▶ [Collected data]:

+ + + + +

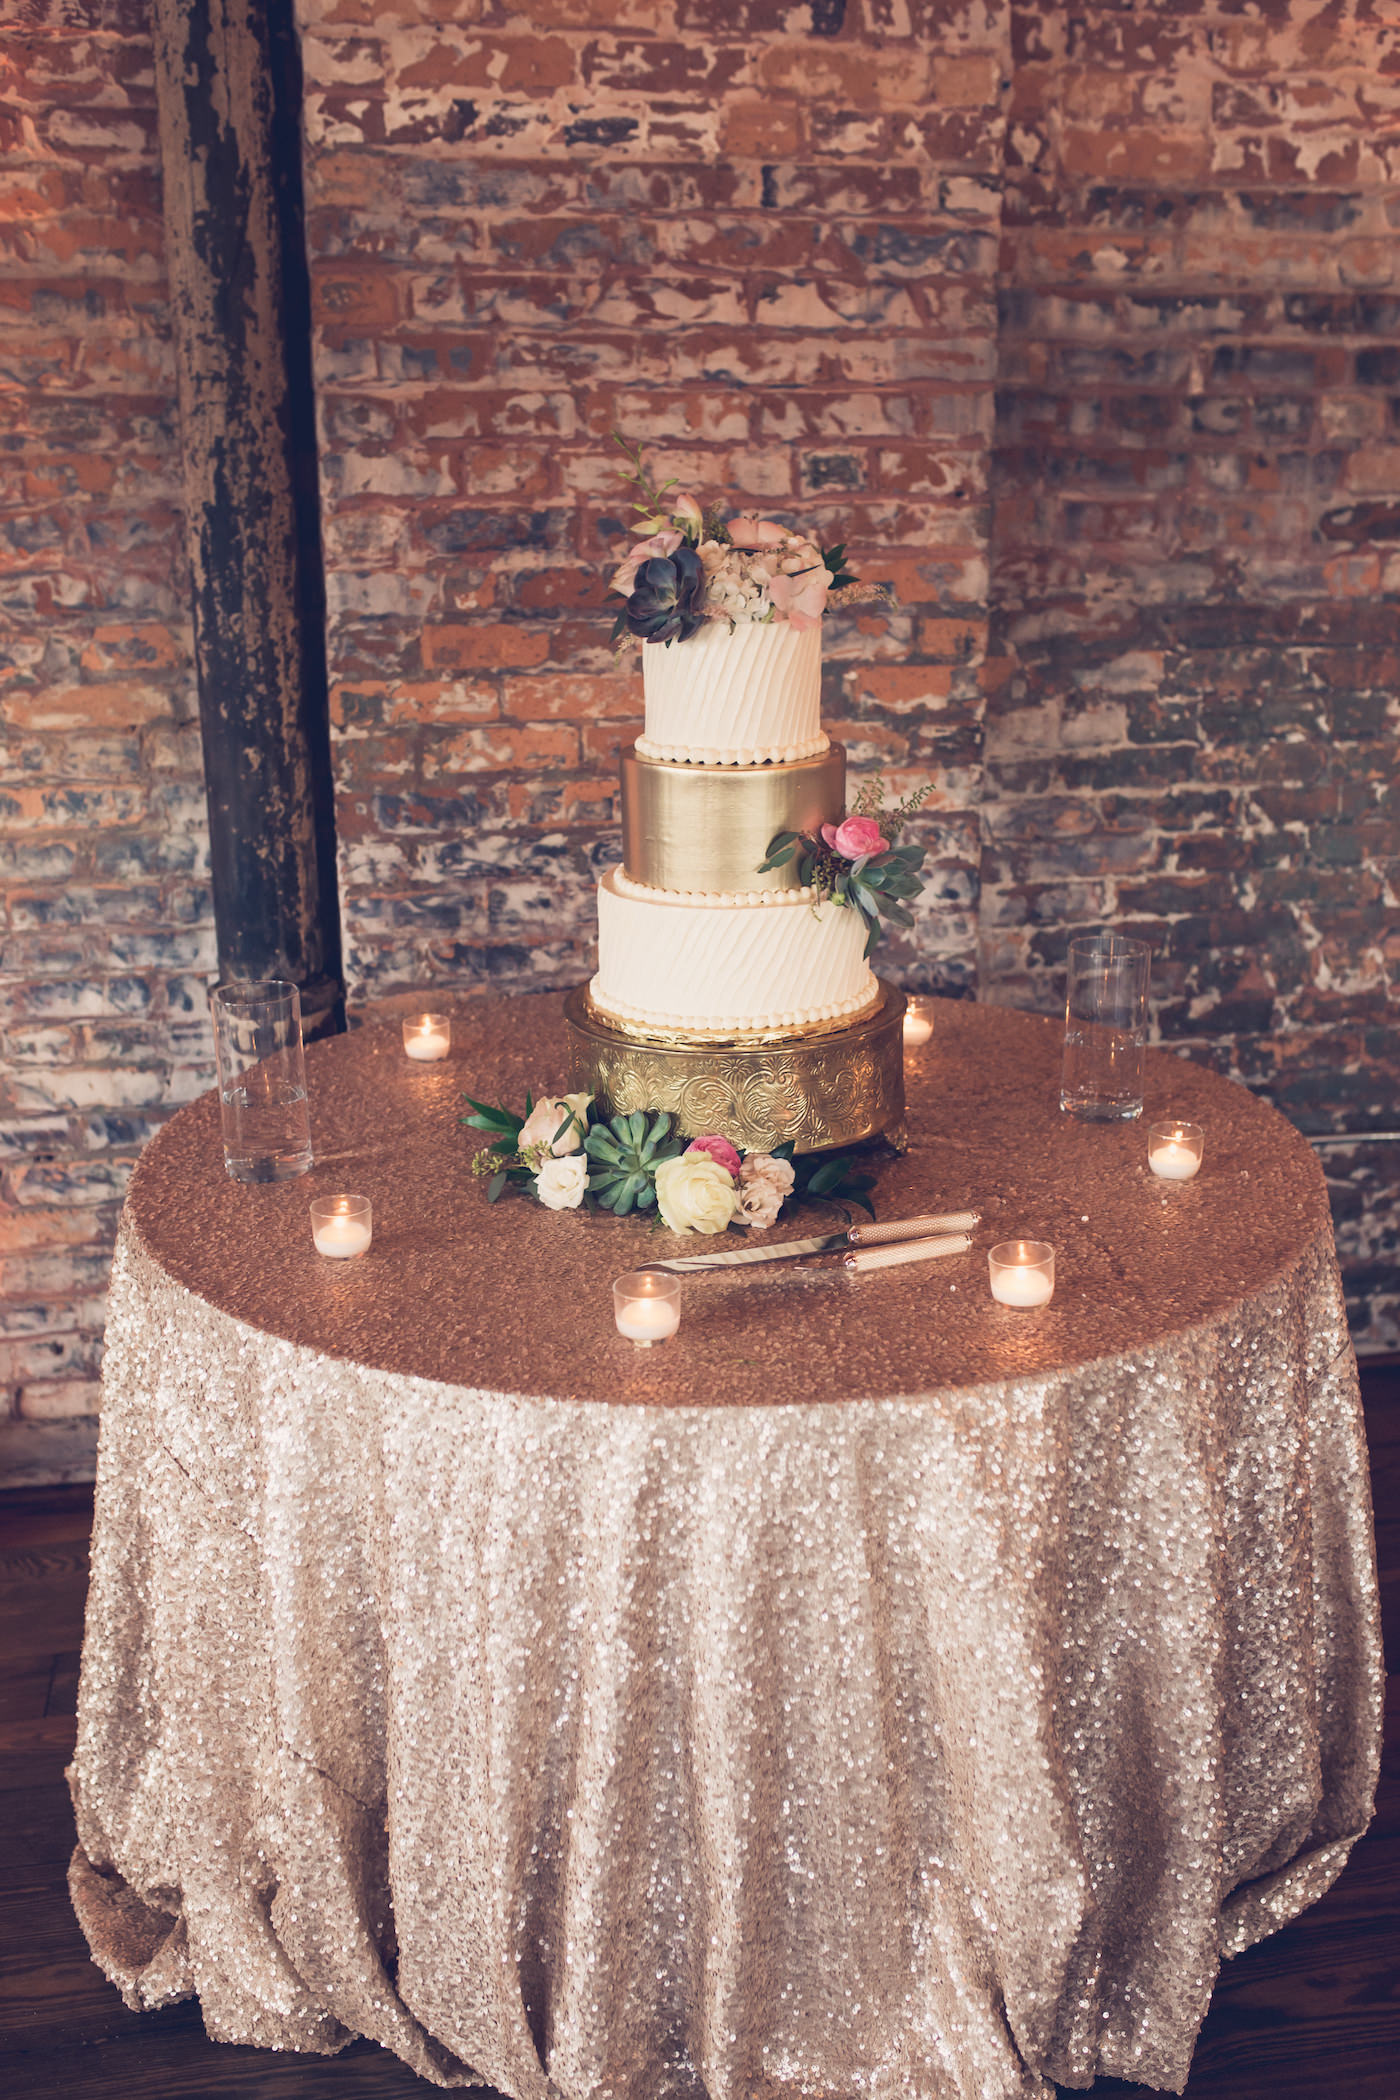 Wedding Cake Table with Champagne Rose Gold Sequin Linen and Votive Candles | Three Tier Gold and Ivory Wedding Cake with Fresh Flowers on Round Ornate Gold Cake Stand | Tampa Wedding Bakery The Artistic Whisk
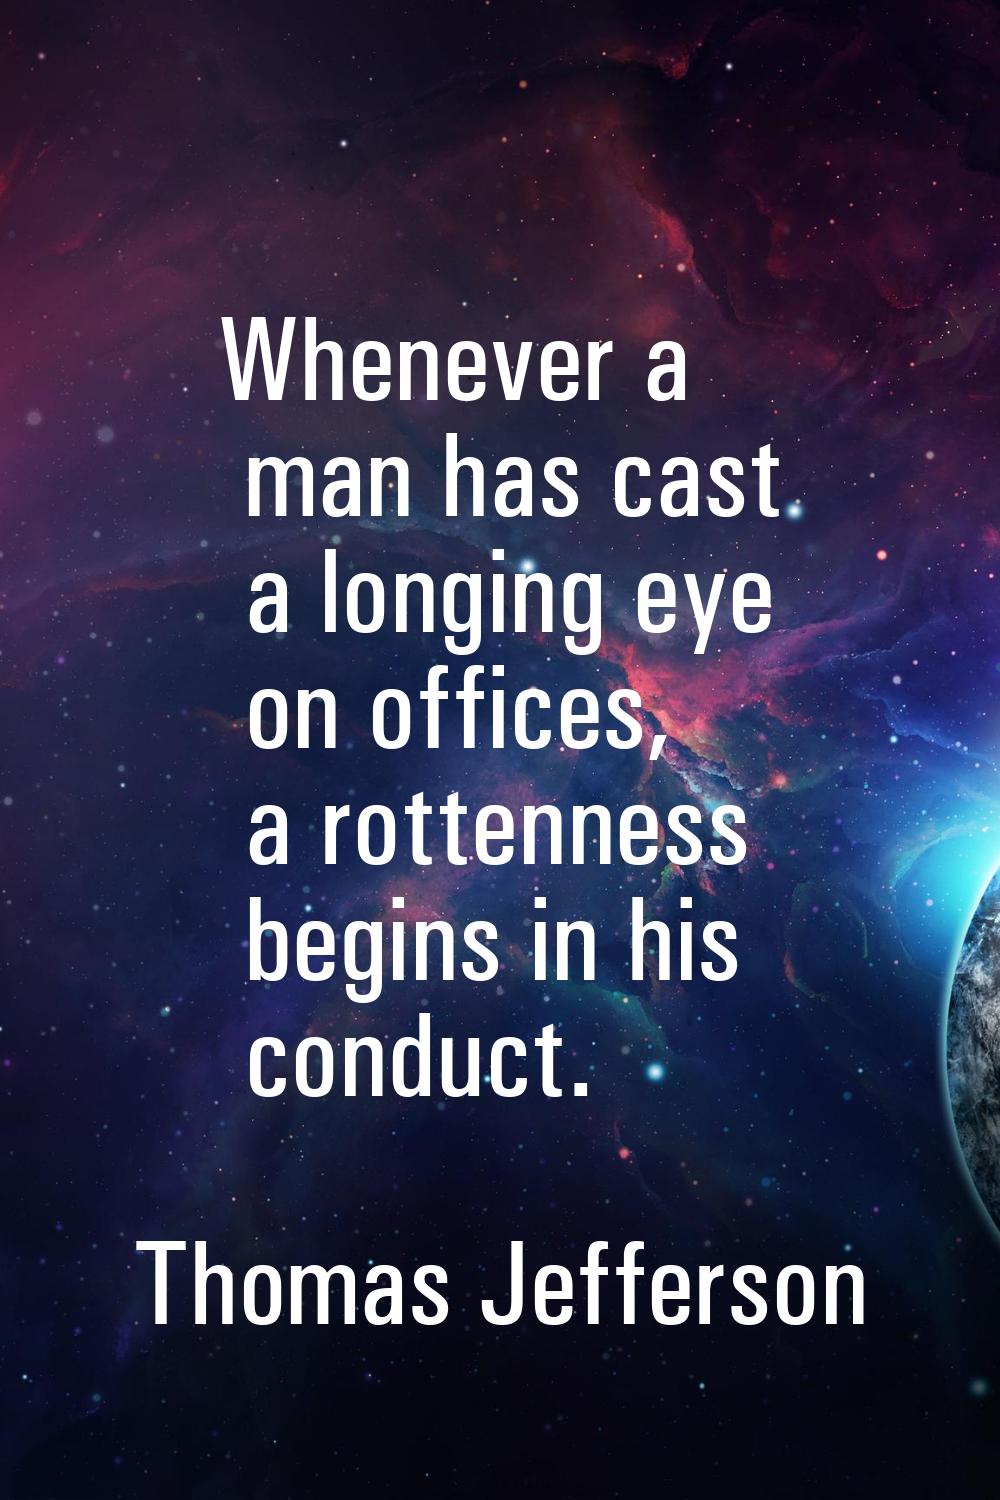 Whenever a man has cast a longing eye on offices, a rottenness begins in his conduct.
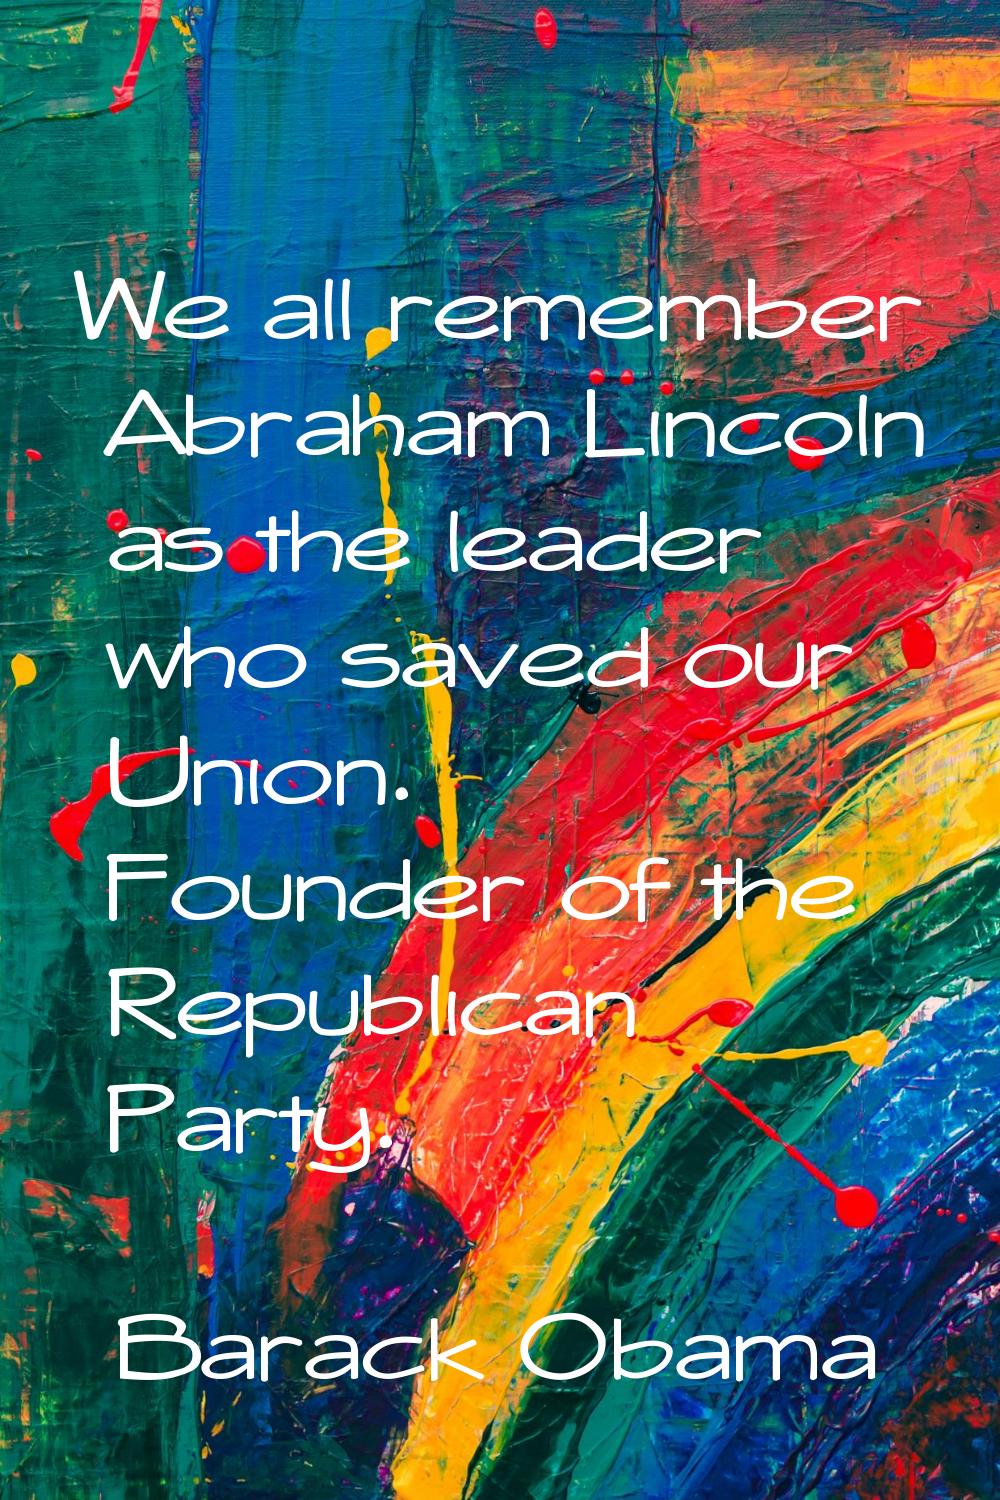 We all remember Abraham Lincoln as the leader who saved our Union. Founder of the Republican Party.

+ + + + +

Print the listing exactly, pictures excluded.

 Wedding Cake Table with Champagne Rose Gold Sequin Linen and Votive Candles | Three Tier Gold and Ivory Wedding Cake with Fresh Flowers on Round Ornate Gold Cake Stand | Tampa Wedding Bakery The Artistic Whisk
 Whenever a man has cast a longing eye on offices, a rottenness begins in his conduct.
 We all remember Abraham Lincoln as the leader who saved our Union. Founder of the Republican Party.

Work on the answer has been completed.